To achieve the goals and overcome the challenges we mentioned above, our EIF architecture is mainly derived by the following three observations:

First, the FPGA virtualization technique [19] can provide isolation between users and infrastructure, and improve the multi-tenancy of the FPGA board. FPGA virtualization technique [21] usually virtualize the FPGA with spatial multiplexing and temporal multiplexing. The techniques for spatial multiplexing have already been proven efficient enough. But traditional temporal multiplexing technique from the operating system level, like preemptive multitasking, is detrimental to the response latency of DNN inference which is a very latency-sensitive job. Thus, in EIF, we design a customized and low-overhead temporal multiplexing method with the deployment of sparsity inside the DNN model with the SDMC mode [8].

Second, for a higher level of multi-tenancy for FPGA support INaaS, we must overcome the restriction imposed by relatively limited on-chip memory compared to the model size of an AI inference task. A DNN model can be thought of as a series of several sub-model. If we can perform a DNN task in a streaming mode, we just need to keep the parameters of a sub-model in on-chip memory instead of the entire DNN model [4].

Third, for an inference task, the time to prepare the operation and store the result is usually as long as the time to compute the required operations. If data transmission/reception and computing operation are independently processed in heterogeneous processors, the response time can be optimized by overlapping these two processes [4].



The overall architecture of the EIF system, as shown in Figure 2, is guided by the design principles discussed above.

It is implemented on a shared-memory platform with a CPU and an FPGA.

There are two major sets of components on the CPU side: the containers and Hypervisor. The design follows a mediated pass-through [10], [21] architecture in which the containers (of CPU) are responsible for instructing the accelerators, and managing data transfer between the end-users and the underlying accelerators; whereas the Hypervisor of EIF traps all control operations (Memory-Mapped IOs, MMIOs) from the containers to redirect these operations to the appropriate physical accelerator.
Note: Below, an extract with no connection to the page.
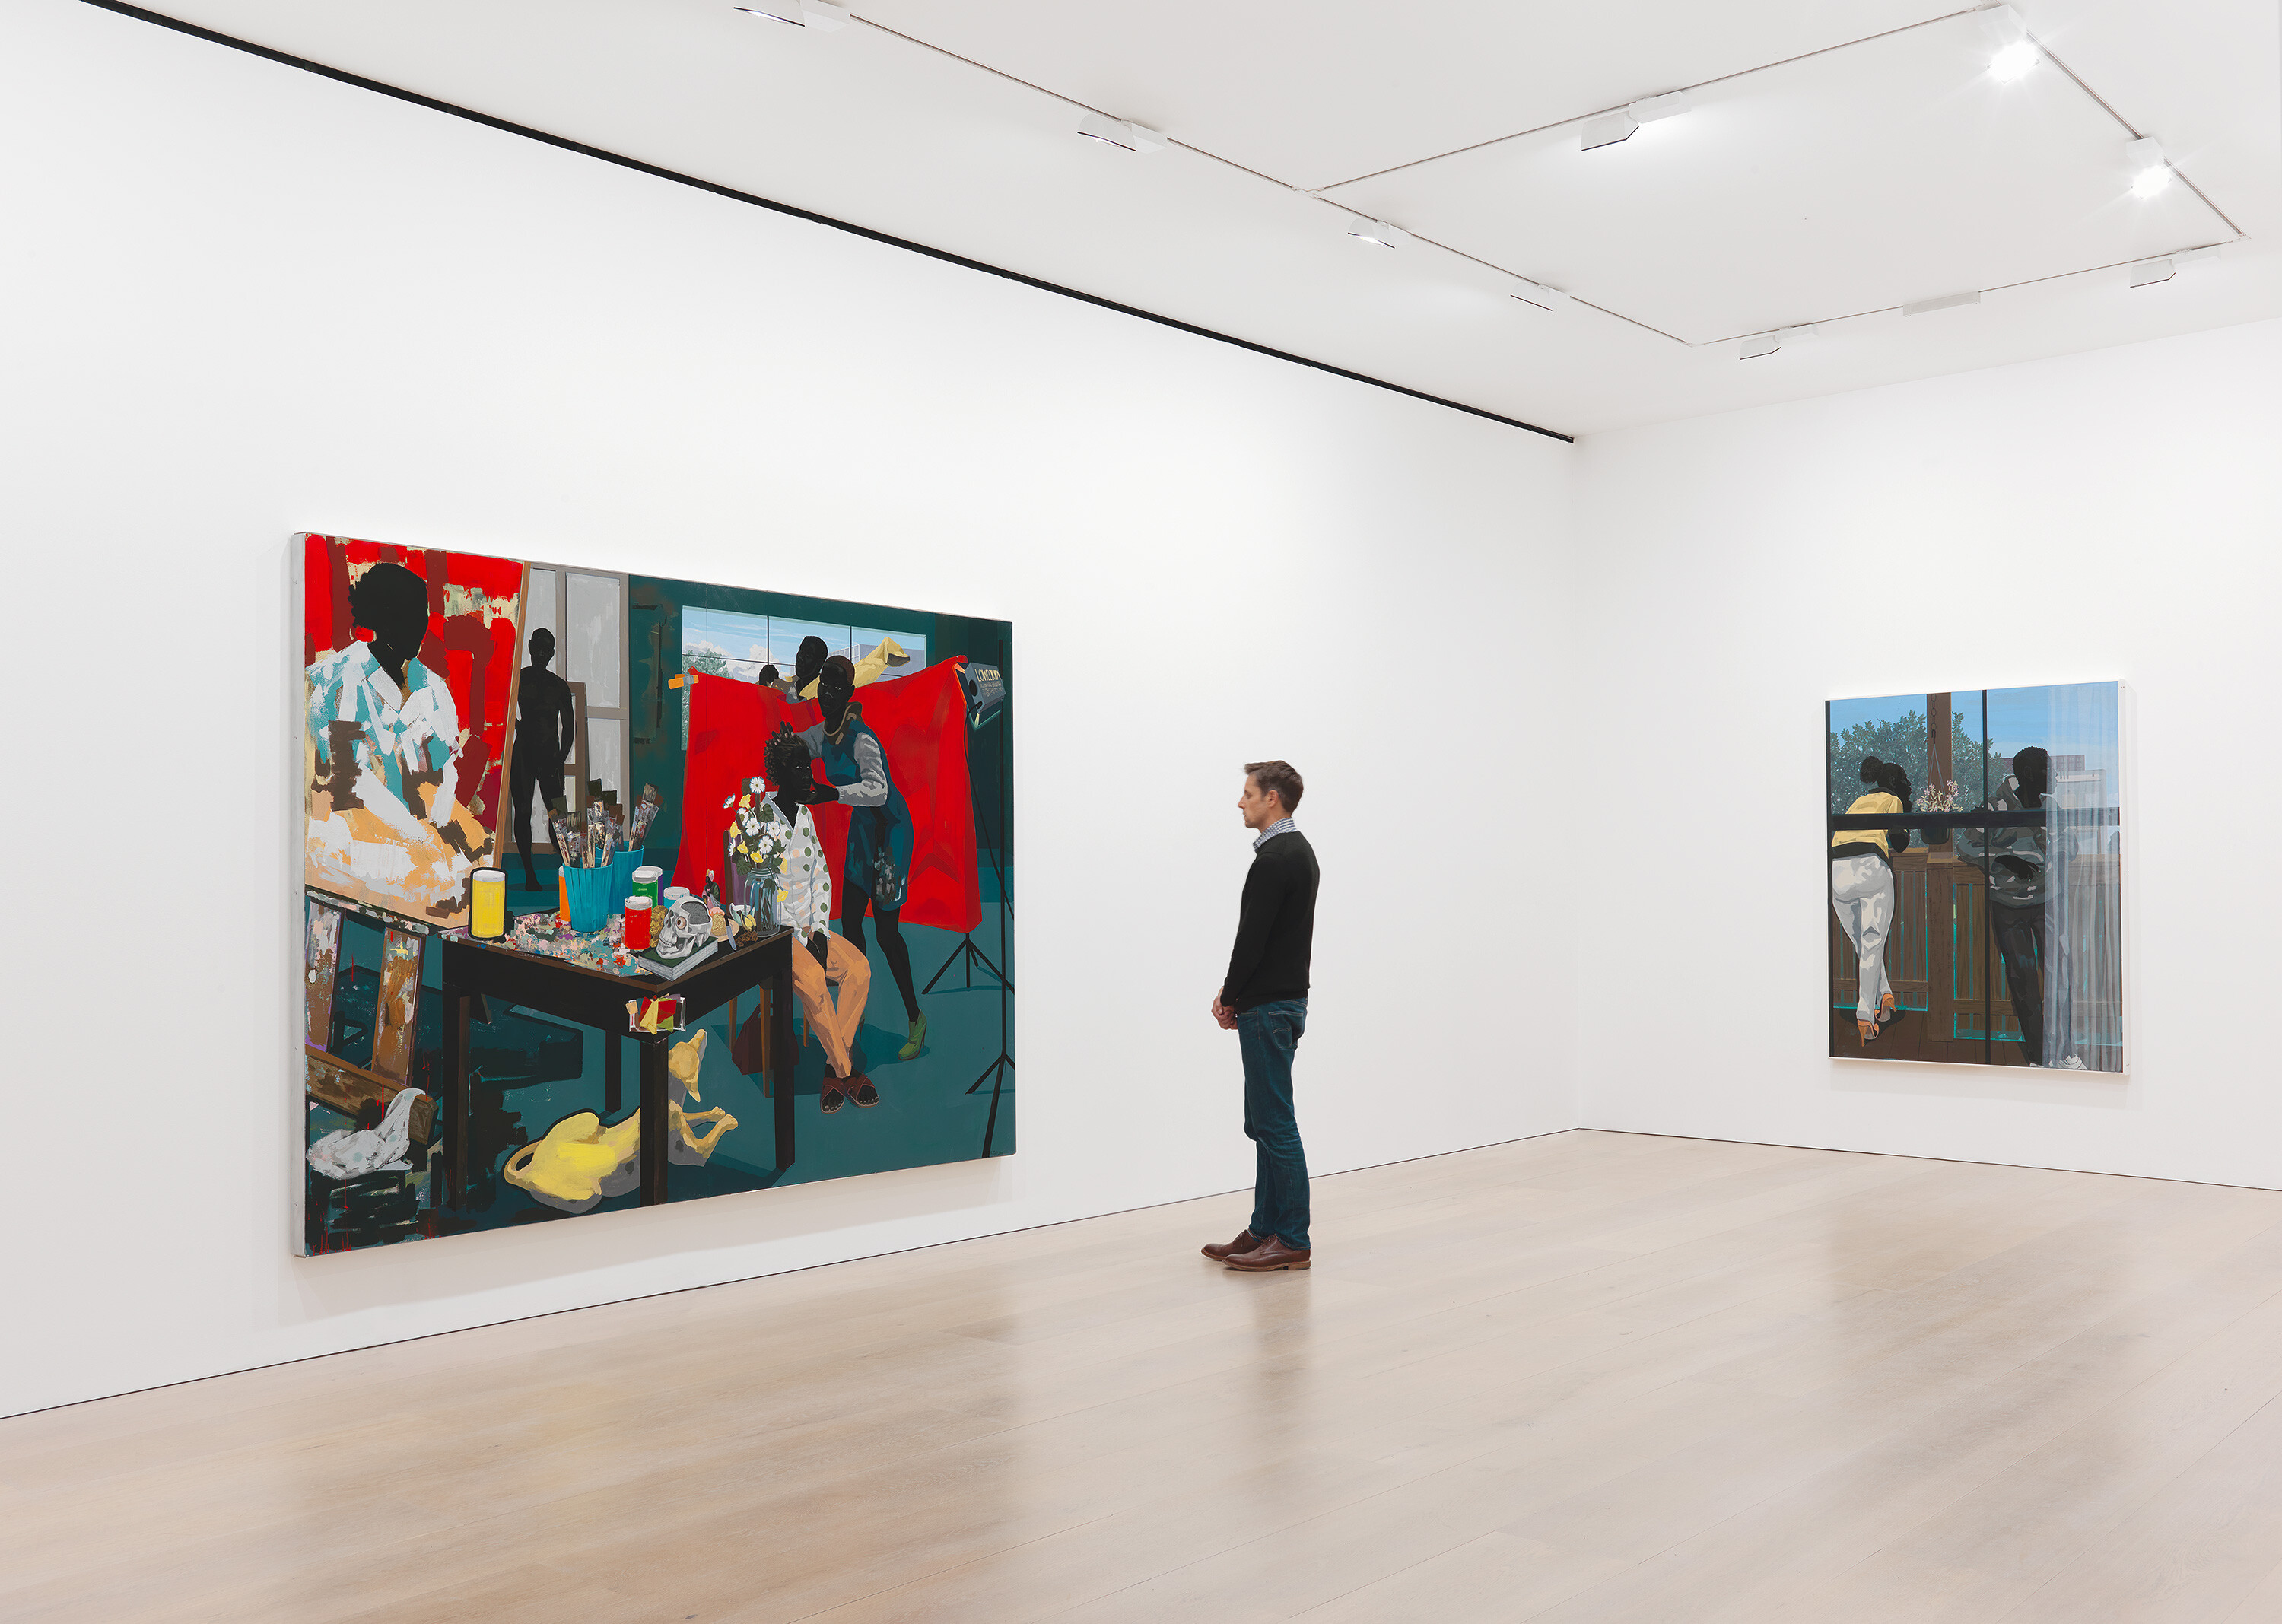 An installation view of the exhibition Kerry James Marshall: Look See, at David Zwirner London, dated 2014.

There are also two major sets of components on the FPGA side: a Shell and a set of accelerators. The Shell component is a reserved portion of the FPGA. The board manufacturer (e.g., Intel, Xilinx) provides the Shell, which serves as the IO interface for the FPGA. At the beginning of configuring the entire framework, the FPGA is configured with a fixed number and types of accelerators through the Shell. And the infrastructure information of configured FPGA will be kept in the Hypervisor.

### IV. DESIGN OF KEY EIF MODULES

In this section, we will describe the design details of each of the key components of the EIF architecture and how they achieve the goals described in Section III. In Subsection A, we will describe the design details of the EIF components implemented in the CPU. In Subsection B, the design details of the EIF components implemented in the FPGA will be described.

### A. Design of EIF Components in the CPU

EIF follows a host-device architecture, with the CPU being the host. As stated, there are two major sets of components on the CPU side: A set of containers and a Hypervisor, the design of which follows a Mediated Pass-through Architecture. The containers host INaaS services for user requests, and the Hypervisor virtualizes the hardware for spatial multiplexing FPGA and isolates the containers (user-end) and FPGA infrastructure.



Fig. 3: Designs in container.

a) Container: Figure 3 shows the designs of a container of the EIF framework. The incoming user requests contain the following information: required model type, whether it needs MapReduce, and if so, the configuration of MapReduce. Note that how the upper level of the scheduling system gets this information is beyond the scope of this work. The three main parts of a container of the EIF system are: Model Selector, Host Memory Map, and MapReducer. When a new user request arrives, the Model Selector will select the target model that is specified in user request by searching all the models

stored in the memory. Each container includes a Host Memory Map, containing information that which data inside the host memory is the requested model data of user request from the perspective of GVA (Guest Virtual Address). Containers will inform these GVAs to the accelerator for further translation to HPA (host physical address). The container also contains a MapReduce function, through which a user request can be mapped into multiple hardware threads for supporting flexible QoS. In this way, one user request can be concurrently executed by multiple hardware threads.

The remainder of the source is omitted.